Wednesday, April 22, 2009

Different views on Ireland

Anthony Coughlin of The National Platform that has been fighting the good fight in Ireland since long before Libertas was even a gleam in Declan Ganley's eye has sent me an article about Ireland that appeared in the New York Times. None of them seem all that impressed by the Celtic Tiger and its ability to go on thriving in the new economic situation.

Paul Krugman, who has won the Nobel Prize for Economics (which is not really a Nobel Prize exactly but let that pass) and, therefore, is to be taken with a large dose of salt, thinks that Ireland has got into the mess it is in by opening itself to the great free market and the government is now making matters worse by "is being forced to raise taxes and slash government spending in the face of an economic slump — policies that will further deepen the slump".

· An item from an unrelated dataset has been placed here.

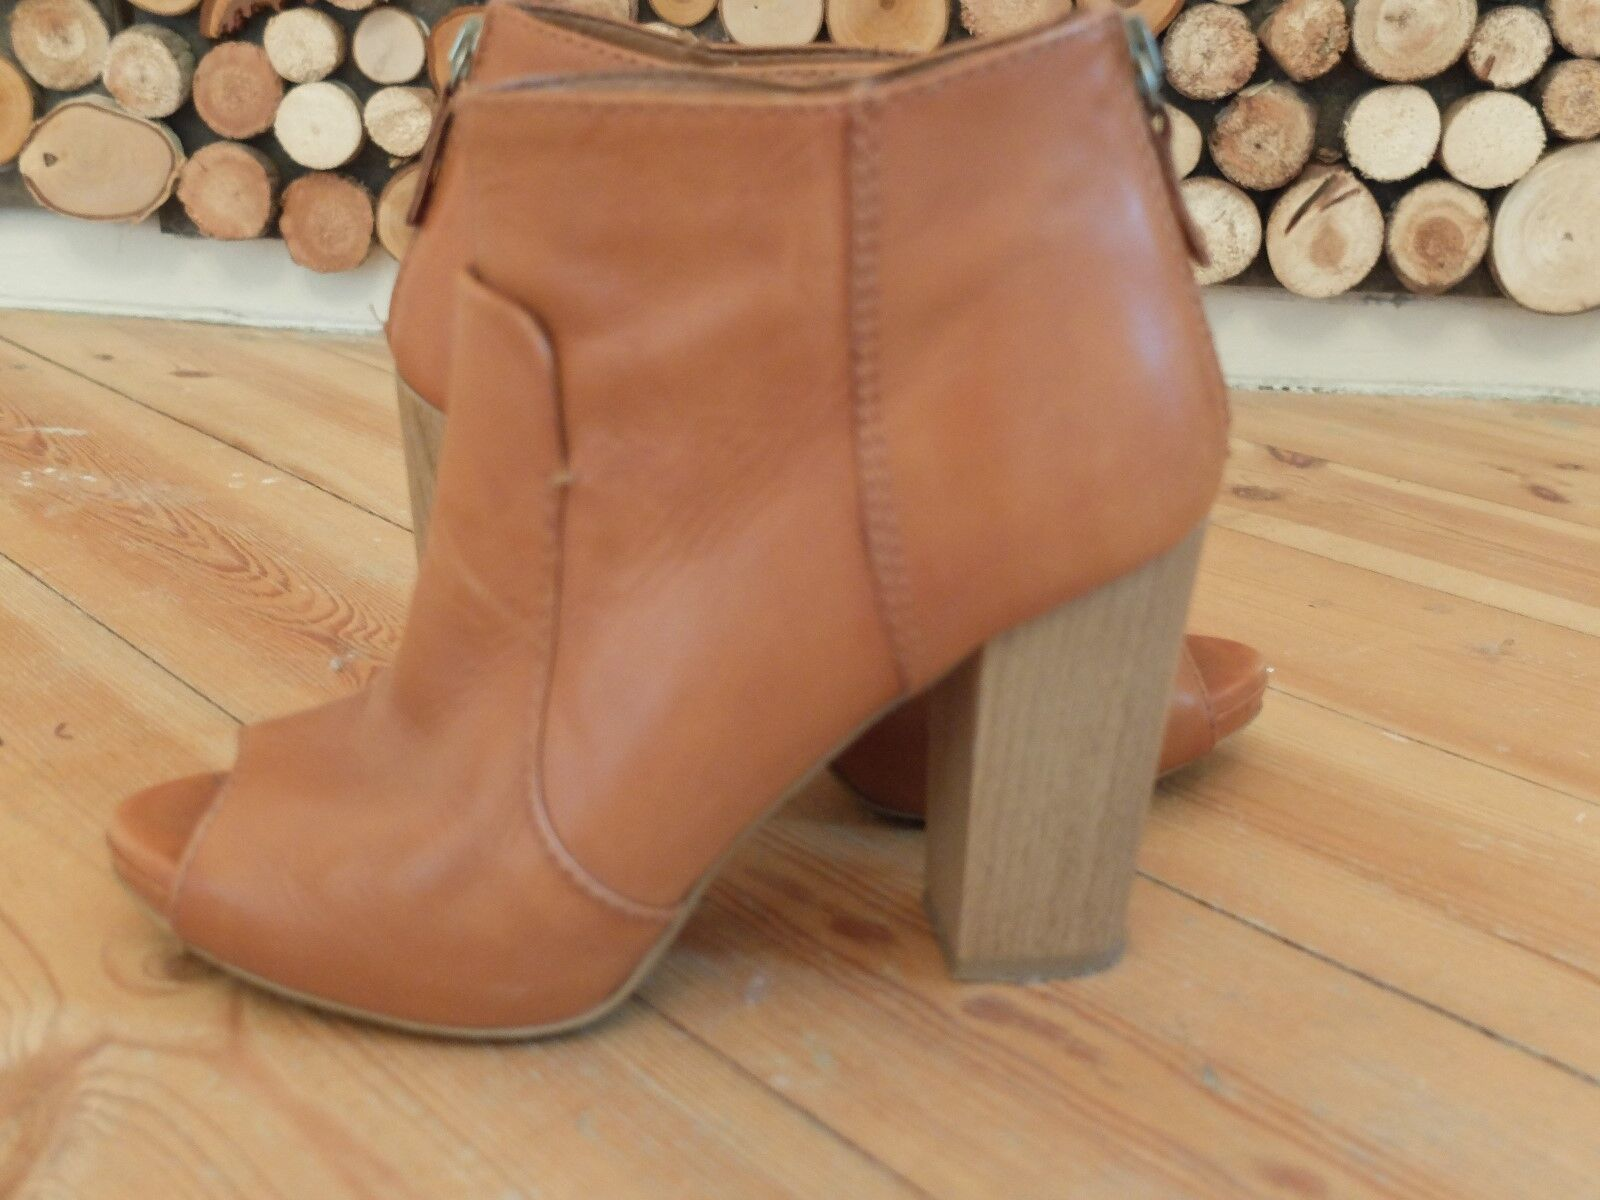 Zara Zara Zara high heels  plateau schuhe braun grösse 37 c73f79

He is worried that America might go the same way.

A somewhat different point of view comes from the Mises Institute. Under the delightful title of "The Celtic Kitten", John Engle explains that Ireland's problems stem largely from excessive government intervention. Mind you, I don't know where he gets the idea that it is something new. So far as I can make out the Irish government has always had controlling interest in "public transport, electricity generation and transmission, and broadcasting media (radio and television)".

What of the EU subsidies that under-wrote a good deal of that much admired economic growth? What part did that play?